Prof. Dr. Nur Syam, M.Si

(My Official Site)

DEMAM FORMALISME AGAMA

Harian “The Jakarta Post”, Rabo 15 Juli 2009, melaporkan tentang keinginan Mayor Diani Budiarto dalam pencanangan  Bogor sebagai kota halal. Gagasan tentang Bogor sebagai kota halal, sebenarnya terjadi setahun terakhir yaitu ketika terdapat kolaborasi antara MUI dengan Mayor Diani dalam rangka melakukan pemberantasan penggunaan makanan, obat-obatan dan kosmetik non halal. Pada saat itu digagas pentingnya menjadikan Bogor sebagai kota halal. Gagasan ini semula diilhami untuk memberikan perlindungan bagi masyarakat muslim dari berbagai jenis makanan, obat-obatan dan kosmetik dari campuran atau elemen yang mengandung unsur non halal.

Gagasan untuk menjadikan kota sebagai kota halal tentunya bukan gagasan yang  mengada-ada jika  yang dimaksudkan adalah untuk melakukan perlindungan bagi warga masyarakat muslim yang memang perlu dilindungi.  Namun demikian hal ini  akan menjadi problem ketika ada penafsiran lebih jauh tentang kota halal tersebut.

Dewasa ini sepertinya ada demam formalisme agama. Ungkapan-ungkapan Islam banyak yang digunakan untuk melabel sebuah peristiwa, waktu bahkan tempat. Bogor sebagai kota halal tentu bukan salah. Kata halal adalah kata generik yang berarti diperbolehkan secara hukum. Jika makanan maka makanan tersebut diperbolehkan secara hukum. Ada dalil yang mendukung kebolehannya. Kata halal biasanya dilawankan dengan kata haram. Kata haram secara generik berarti ketidakbolehan berdasar atas dalil keagamaan. Ada teks yang menegaskan keharamannya.

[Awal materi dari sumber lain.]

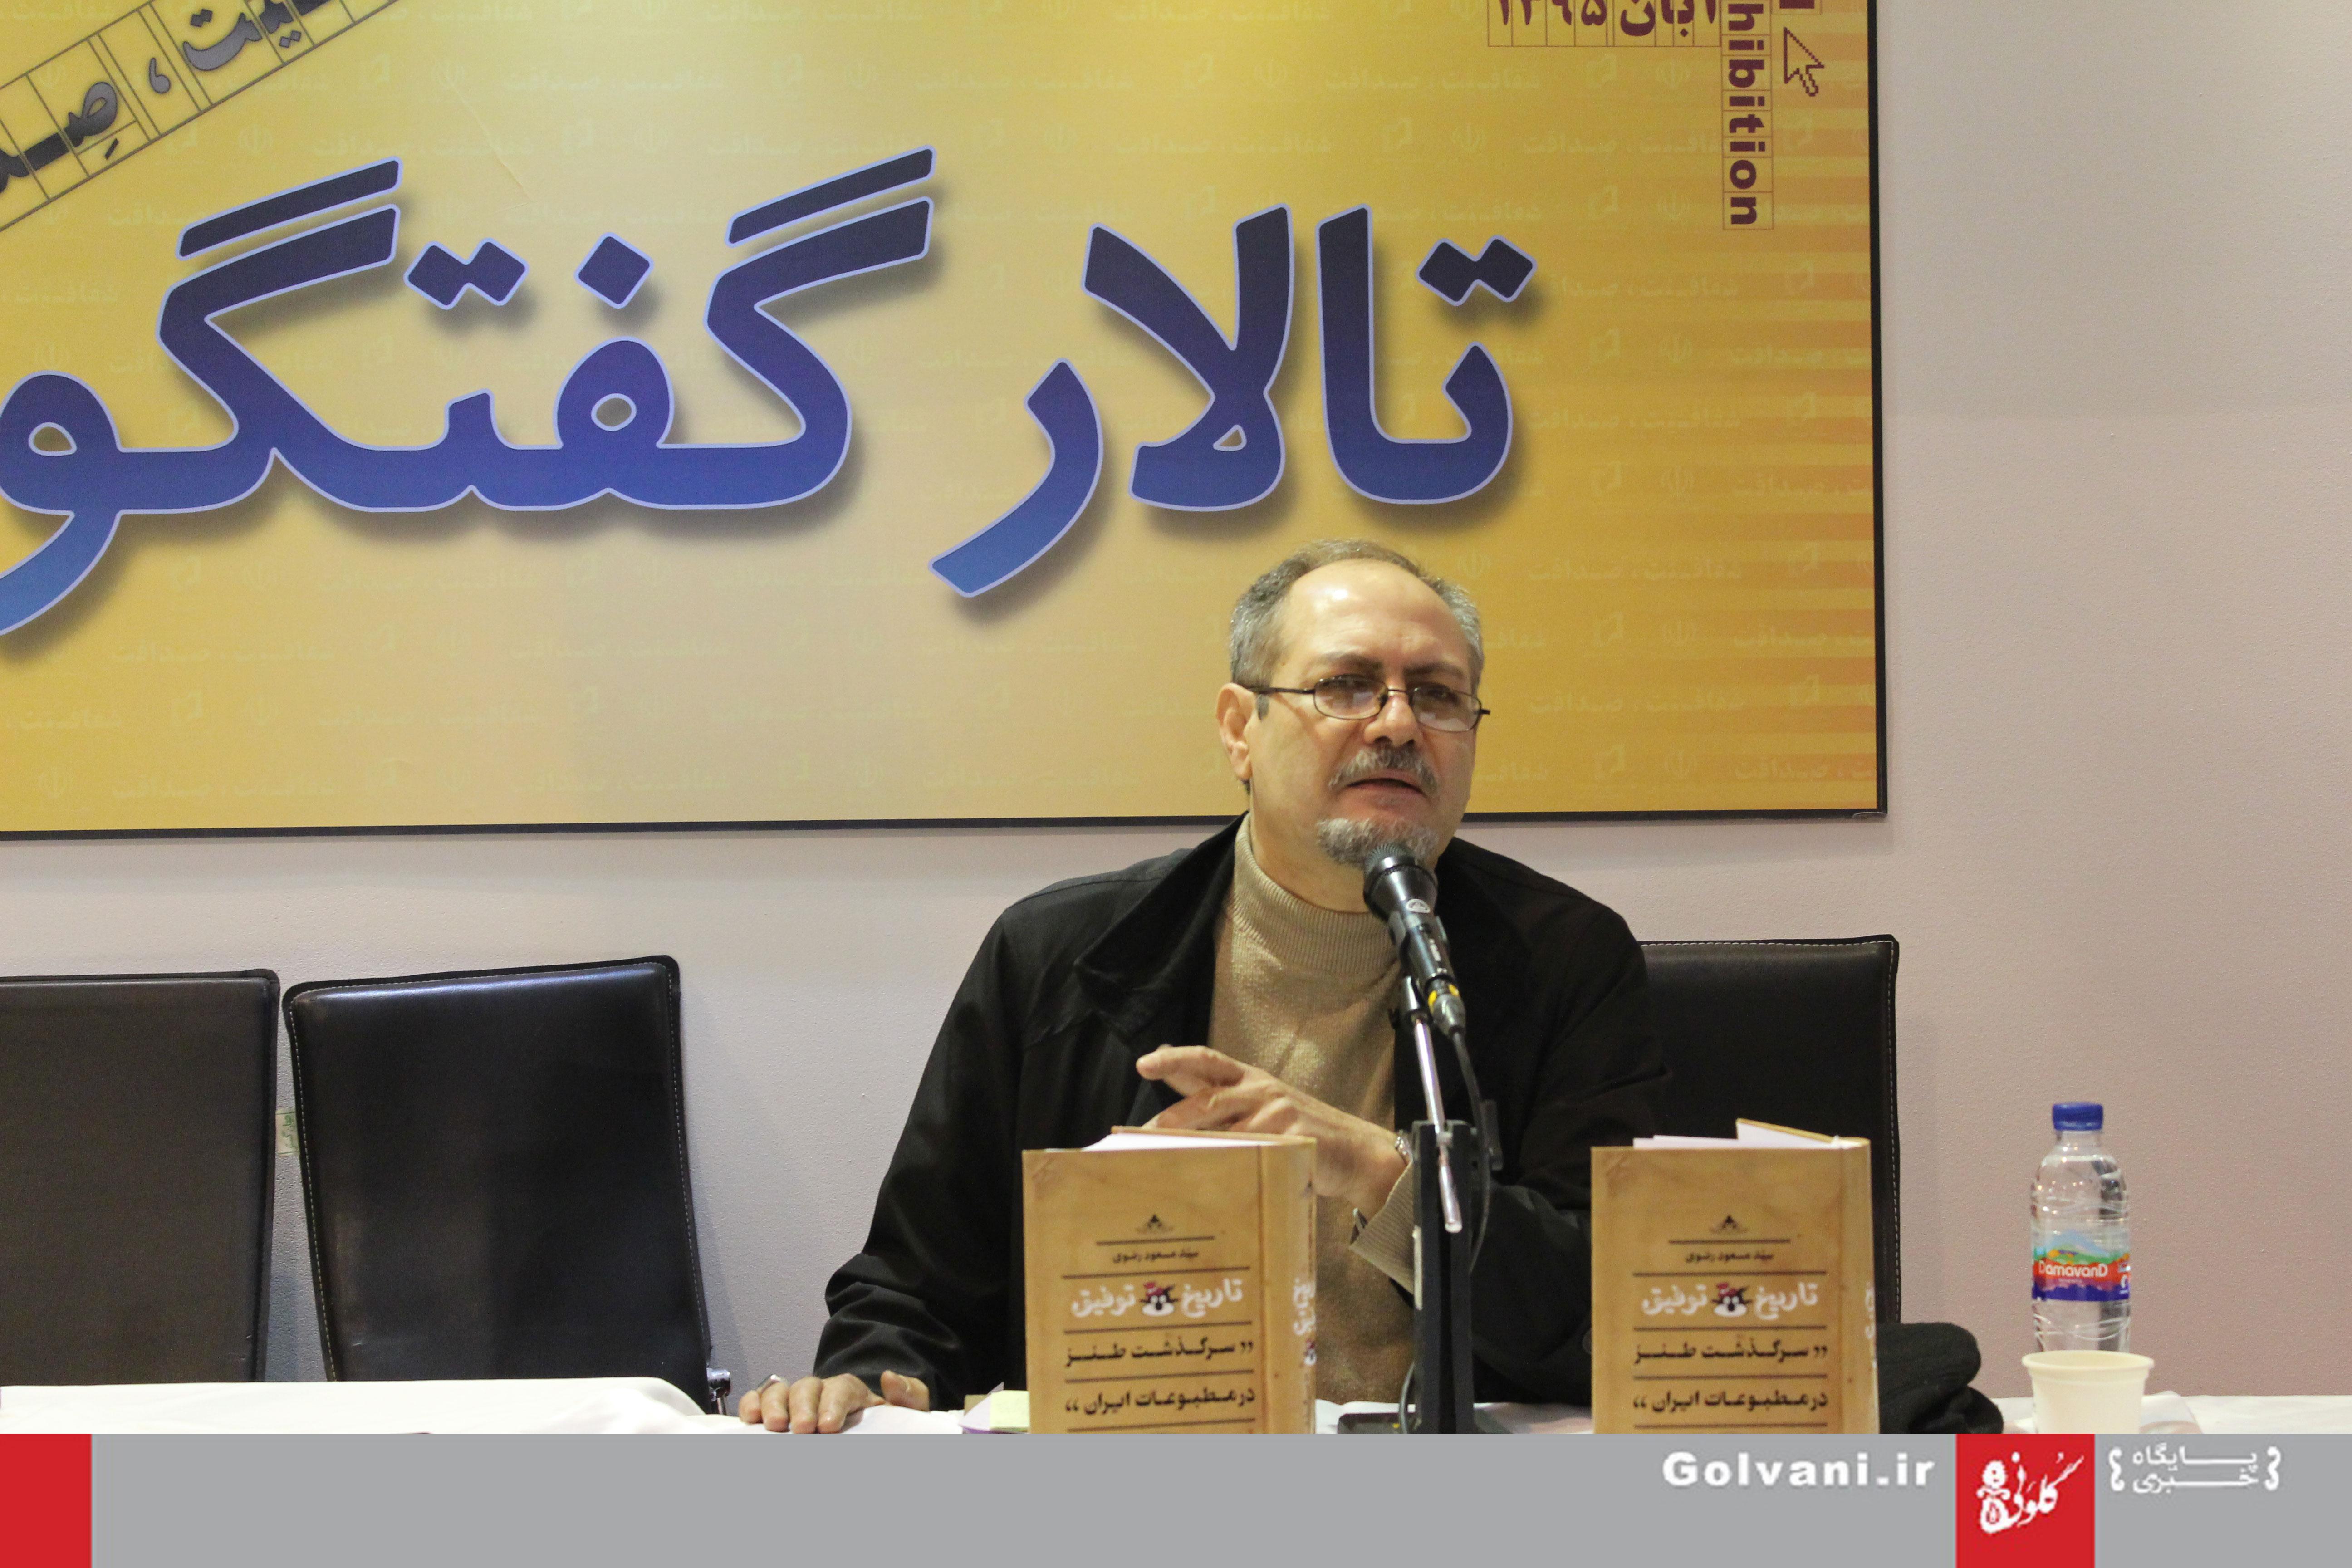 طنز ایران مدیون توفیق است

Ketika sebuah kata halal dilabelkan pada kota, maka akan menuai kesulitan semantik sebab berarti kota yang sesuatu di dalamnya diperbolehkan atas dasar dalil agama.  Problem semantik ini tentu saja tidak sesulit secara empiris. Dalam bayangan awam tentunya kota halal adalah kota yang seluruh aktivitas warganya berdasar atas dalil agama yang sesuai dengan konsep Islam. Konsep ini tentunya secara empirik hanya bisa diterapkan jika seluruh warga kotanya beragama Islam. Sehingga konsep halal atau haram bisa berlaku di dalamnya.

Bogor atau kota lainnya di seluruh dunia dewasa ini tentunya kota yang multietnis, multikultural, dan multiagama. Di dalam kerangka ini, maka penerapan kota halal dalam arti yang sangat luas bertentangan dengan makna semantik dan empiris. Namun demikian jika yang dimaksudkan adalah memberikan label halal pada restoran, atau obat-obatan atau kosmetik yang disebabkan di dalamnya tidak terdapat elemen yang haram, maka tentunya ini sesuatu yang diperbolehkan.

Oleh karena itu, secara arif tentunya harus dinyatakan bahwa melabel sesuatu dengan dalil-dalil agama tentunya harus melihat bagaimana kondisi empiris sesuatu itu sehingga tidak membuat kerisauan bagi orang lain yang tidak sama dengan kita. Menerapkan ajaran agama di dalam kehidupan adalah sebuah keharusan. Islam pun mengajarkan agar kita memasuki Islam secara kaffah. Tetapi juga harus diingat bahwa kita tidak hidup dalam suatu komunitas yang sama tetapi kita selalu hidup dengan komunitas lain. Maka, menjaga perasaan, sikap dan tindakan kita terkait dengan orang lain merupakan suatu keniscayaan. Islam juga mengajarkan hablum minan nas, bukan hanya sekedar hablum minal muslimin.